Analysis to Empower Your Organization
Controlling the Risk of Fraud, Waste, and Abuse
The strength of your health plan’s service to your members relies on your focus in determining accurate plan liability. Payment Integrity is essential for making sure that a health claim is paid per contract terms and without waste, abusive practices or fraudulent intent.
This isn’t just calculating the claim correctly. It’s about making sure that the claim accurately represents the services rendered. Detecting aberrant patterns in healthcare claims is key to defending against the threat of fraud, waste, and abuse, which siphons hundreds of billions of dollars each year from the healthcare system.
Proactive Detection Analytics
Context4 Medical Payment Integrity, part of the Context4 Health Plans Suite, combines a deep library of pre-built rules with an array of pre-built analytics and user-driven data extracts. All of this helps you to identify potential FWA situations affecting your plan today, and analyze the data needed to investigate those cases.
You’ll be made aware of potentially fraudulent claims before you pay, increasing the efficiency of your operations and lowering costs. Rapid isolation of FWA is not just important for your bottom line, but for the health and welfare of plan members.
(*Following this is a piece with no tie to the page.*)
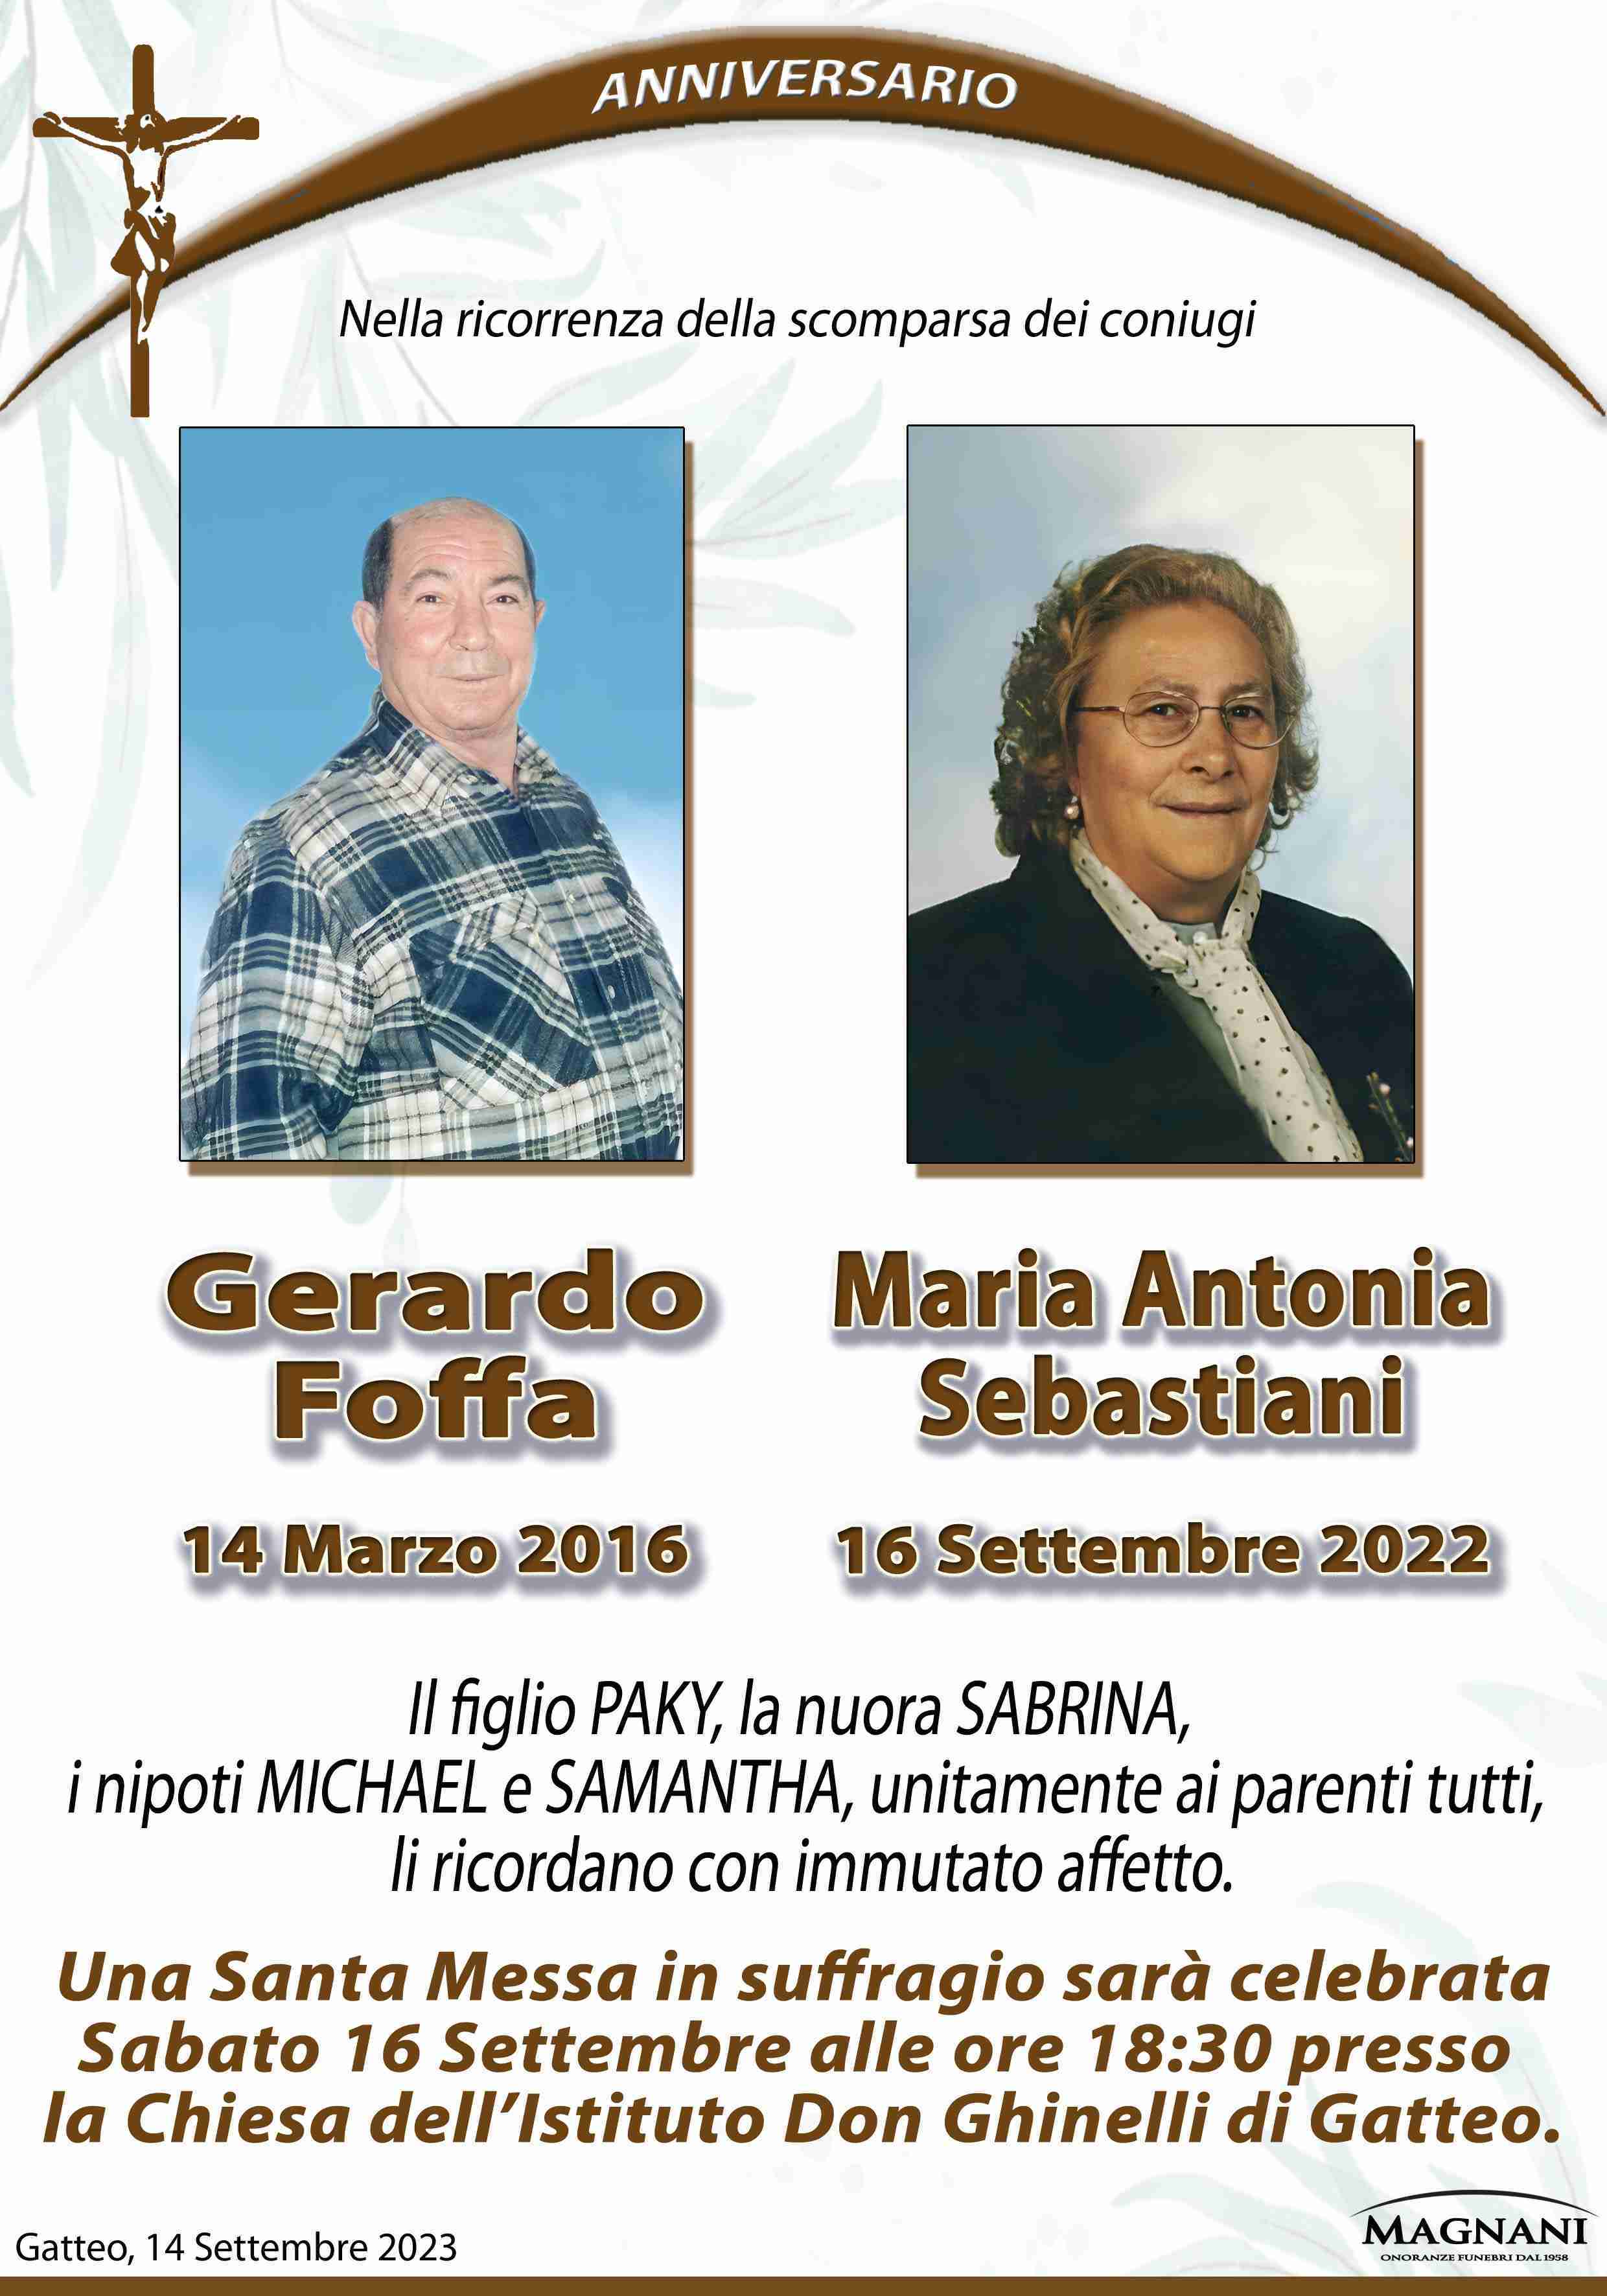 Gerardo Foffa e Maria Antonia Sebastiani
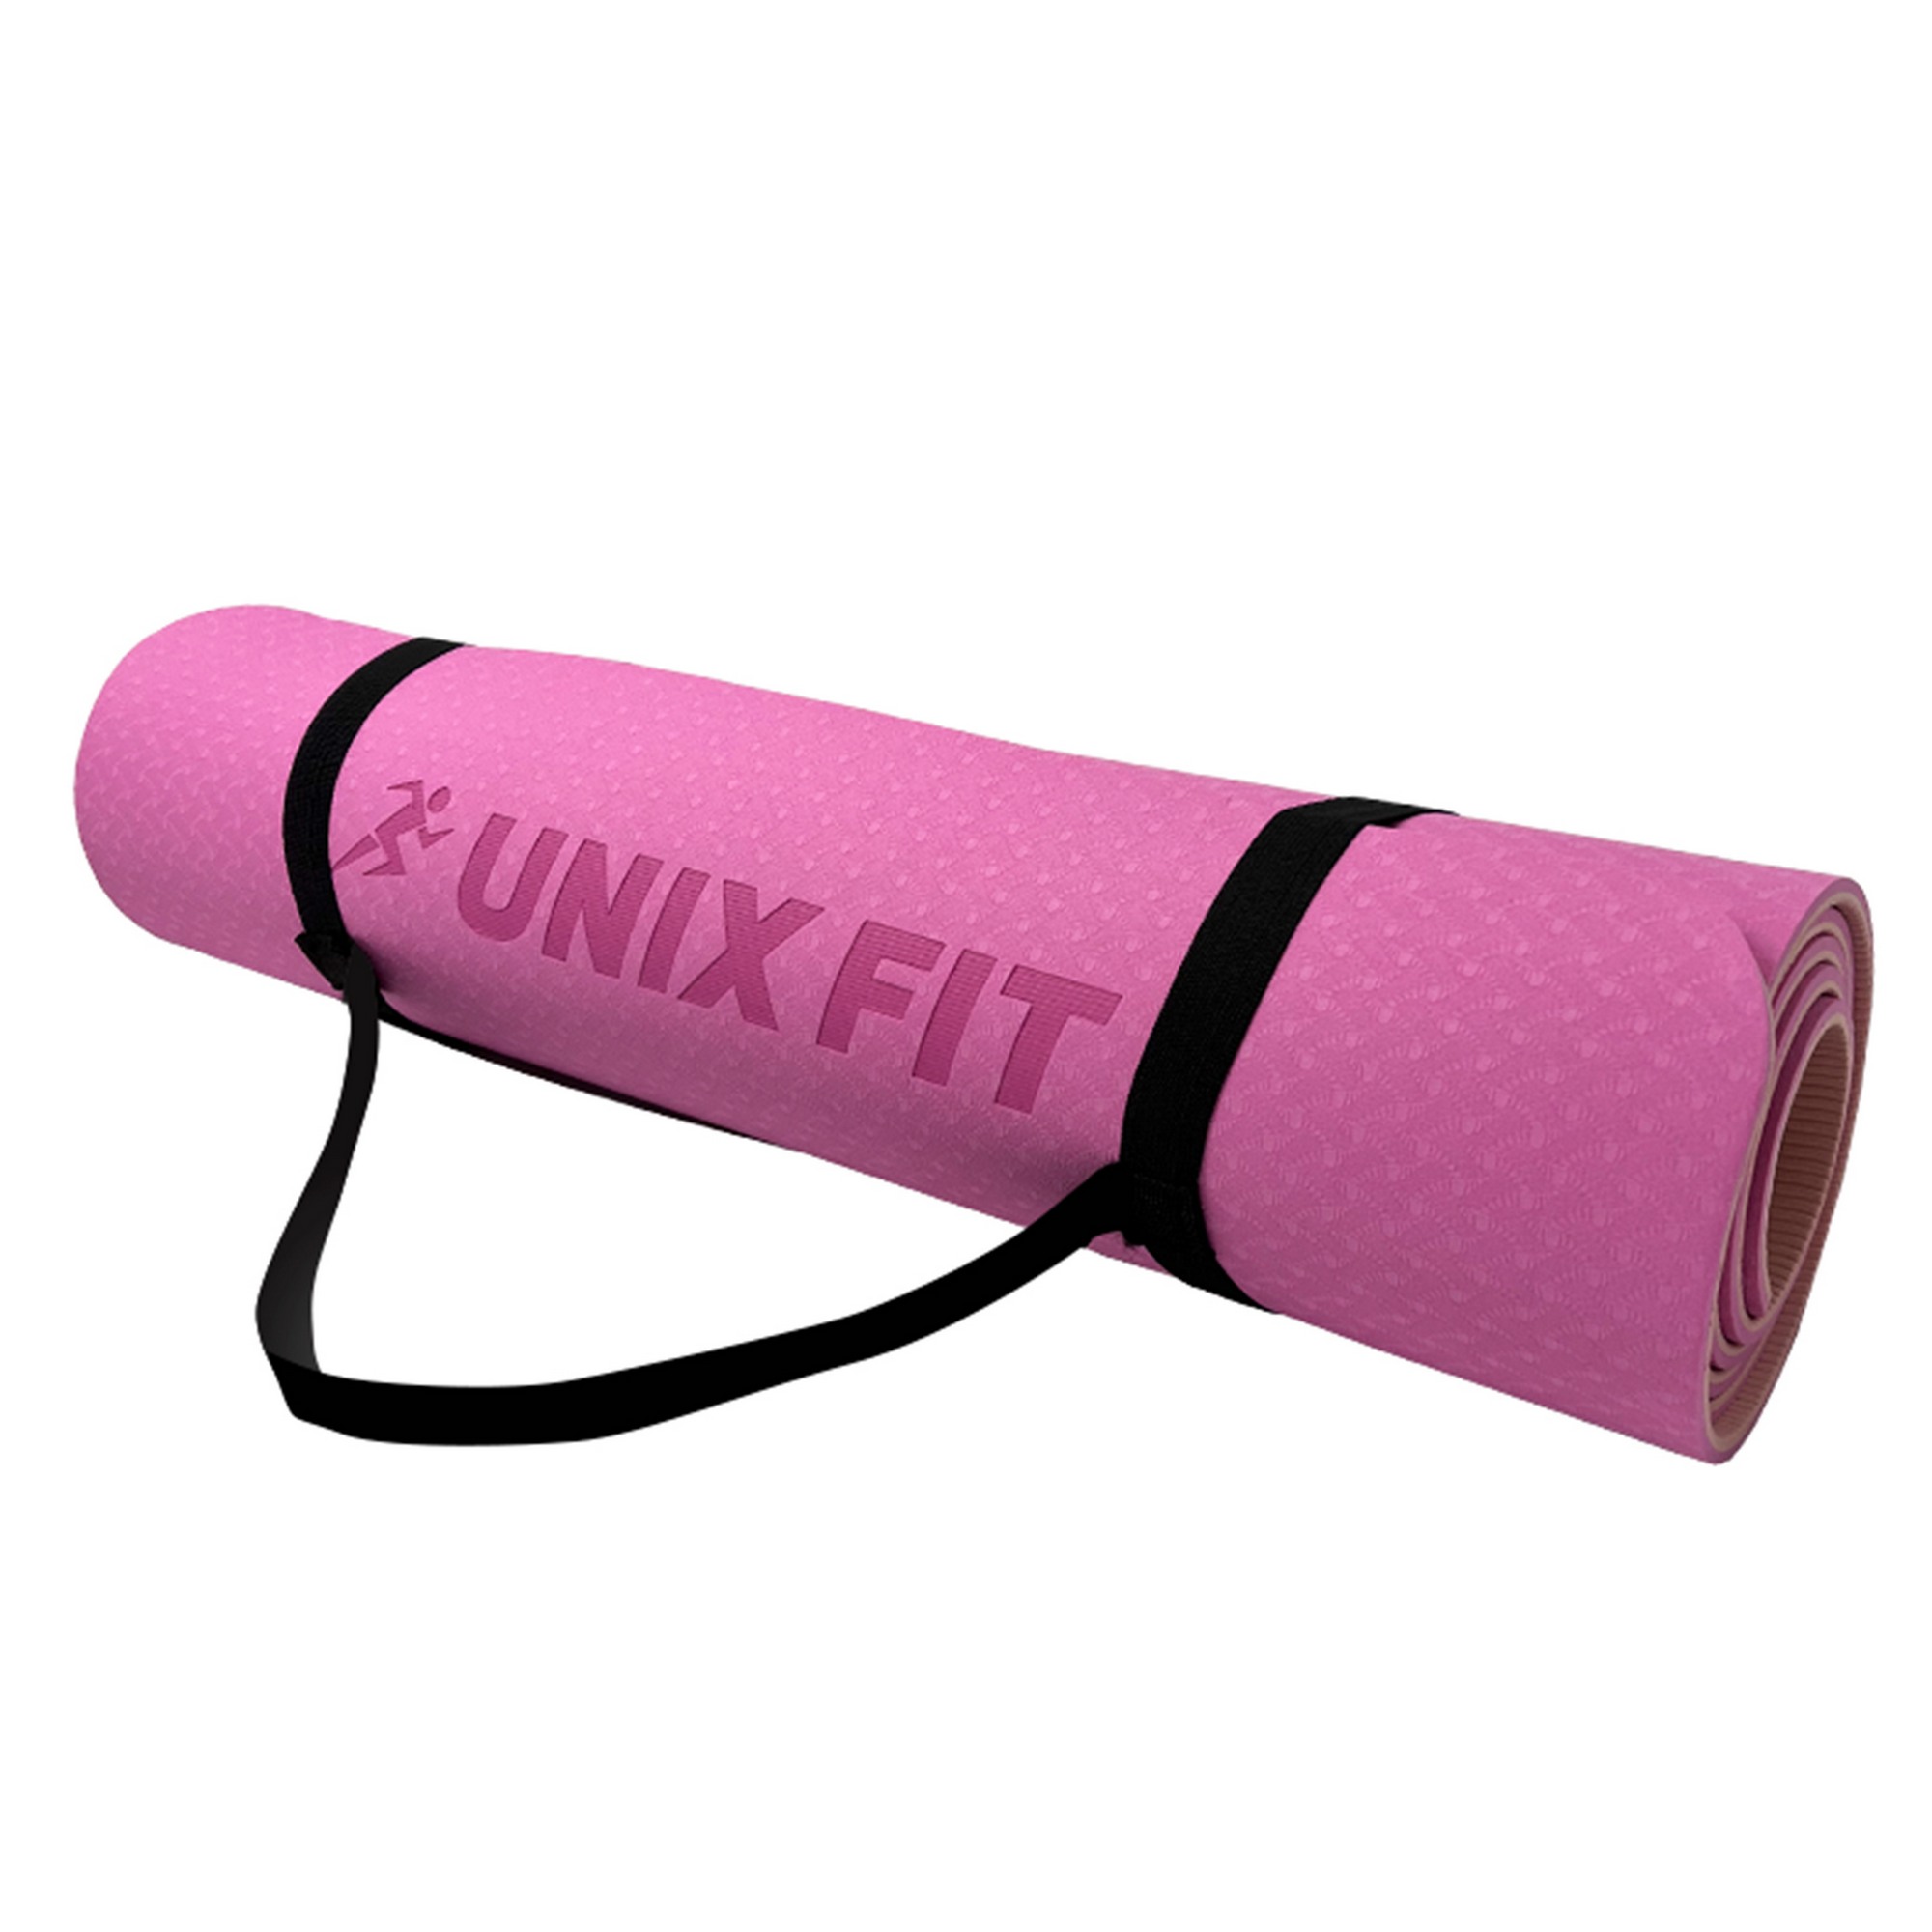 Коврик для йоги и фитнеса двусторонний, 180х61х0,8см UnixFit YMU8MMPK двуцветный, розовый 2000_2000

The Power of Payment Integrity
Gain visibility into suspicious billing and treatment practices at the provider level using our sophisticated rules engine and thousands of pre-built rules.
Receive actionable insight into the problems identified with options for resolution.
Use our pre-built analytics to identify provider aberrant utilization patterns within your entire health plan.
Use our user-driven data extracts to prepare information needed for case investigations.
Analyze across all professional and facility claims within all coverage types, so no part of your health plan goes unguarded.